Ten seconds, twenty, half a minute passed and the only sounds were the whirr of the snow tyres on the road, the low murmur from the cab of Sandor’s and Imre’s voices above the steady roar of the engine, then the girl reached out and turned Reynolds’ face towards her, her fingertips gentle against the cut and swollen face.

‘You’re mad.’ She stared at him, her eyes empty of belief. ‘You must be mad.’

‘Beyond all question.’ The Count unstopped his flask, gulped and replaced the stopper. ‘He has been through a great deal tonight.’

‘Insanity,’ Jansci agreed. He gazed down at his scarred hands, and his voice was very soft. ‘There is no disease half so contagious.’

‘And very sudden in its onset.’ The Count gazed down sadly at his hip flask. ‘The universal specific, but this time I left it too late.’
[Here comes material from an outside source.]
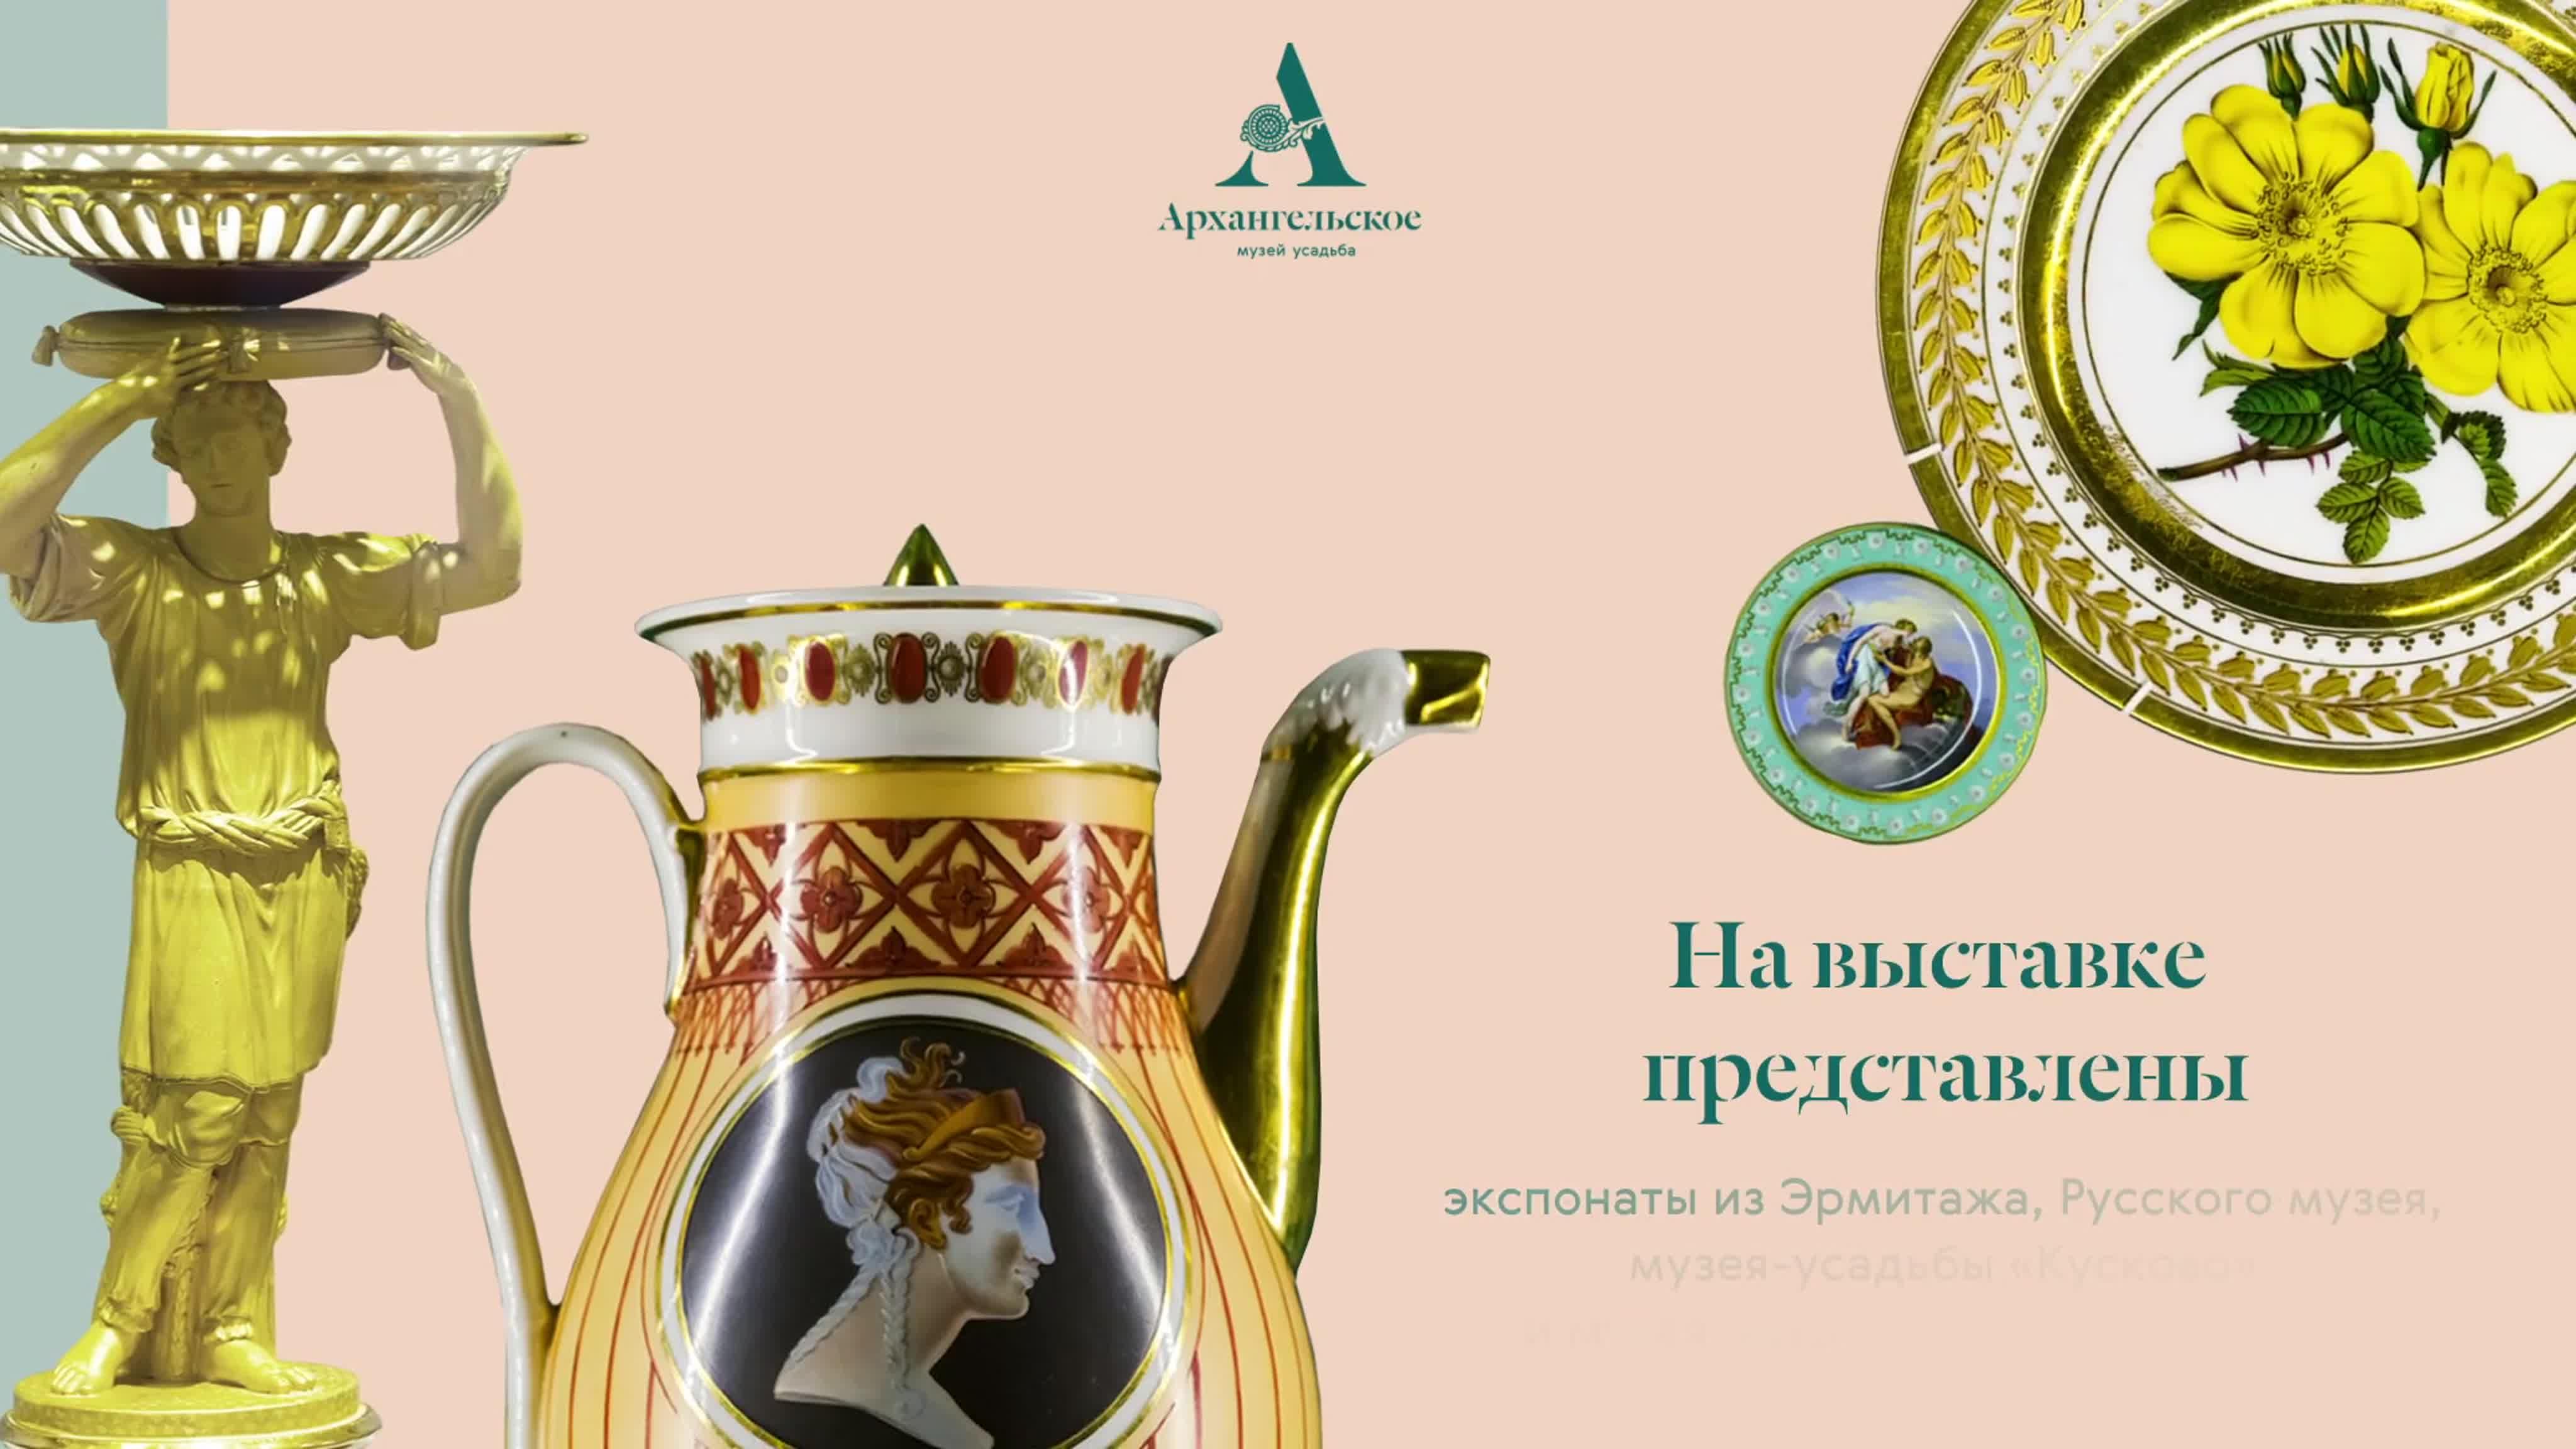 Сегодня мы хотим рассказать вам, как не заблудиться и не растеряться при посещении выставки юсуповского фарфора «Отражение изысканного вкуса».

For a long moment the girl stared at the three men, her face a study of bewildered incomprehension, then understanding came and with it some certainty of foreknowledge, some evil vision that drained all the colour from her cheeks, darkened the cornflower blue of her eyes and left them filled with tears. She made no protest, no slightest gesture of dissent — it was as if the same foreknowledge had warned her of the uselessness of dissent — and, as the first tears brimmed over the edge of her eyes, turned away so that they could not see her face.

Reynolds reached out a hand to comfort her, hesitated, caught Jansci’s troubled eye and the slow shake of the white head, nodded and withdrew his hand.

He drew out a pack of cigarettes, placed one between his smashed lips and lit it. It tasted like burnt paper.